Simchat Torah: The Secret to Strengthening Our Spiritual Walk with God

Yael Eckstein with a Bible in her hand praying against the Western Wall with a Nourish Your Biblical Roots background.

As the High Holy Days come to a close, Jews around the world spend one last day in an intense celebration with God before resuming their normal routines. Simchat Torah, which means “Rejoicing in the Torah,” is unlike any other observance that takes place in synagogue. As host Yael Eckstein describes in today’s podcast, the entire congregation — from the youngest children to the oldest adults — takes out the Torah scroll and joins in a never-ending circle of dancing and singing. The celebration marks the completion of reading through the Torah, from Genesis to Deuteronomy, before the reading cycle begins again. But the lesson of Simchat Torah, says Yael, lasts throughout the year. Simchat Torah is a reminder that the way to stay close to God and transform inspiration into action throughout the year is through God’s Word.
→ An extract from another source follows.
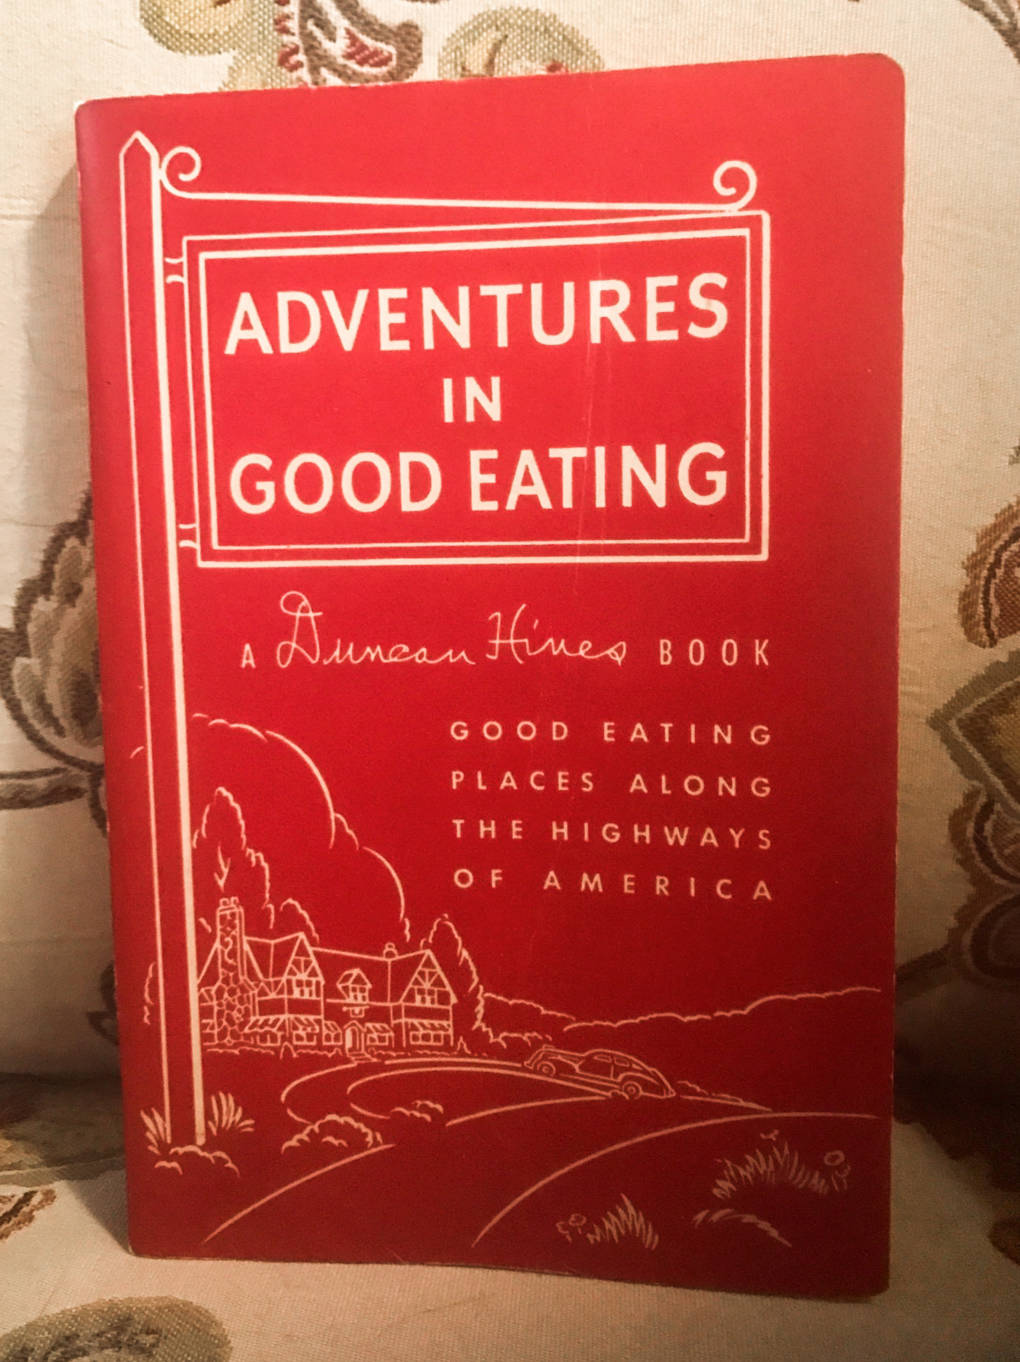 1946 copy of "Adventures in Good Eating."

Learn more about this amazing celebration in today’s powerful podcast.

Episode Notes

Jews around the world are just completing an intense time of worship and focus on their relationship with God, a time known as the High Holy Days. Beginning with Rosh Hashanah (the Jewish New Year), through the Ten Days of Repentance, Yom Kippur (the Day of Atonement), and the seven-day celebration of Sukkot (the Festival of Tabernacles), this holy season has come to an end. It’s time to return to daily life.

But before the Jewish people return to their regular routines, God beckons His children to spend one more day with Him in worship and praise. This day, known as Simchat Torah, “Rejoicing in the Torah,” is all about celebrating God’s Word and remembering the importance of taking God’s Word with us into the new year.

It is a raucous celebration, one that Yael describes as “holy unhinged.” The entire congregation participates as they take out the Torah scrolls from the Ark at the center of the synagogue and begin dancing and singing in a never-ending circle of praise and worship to God.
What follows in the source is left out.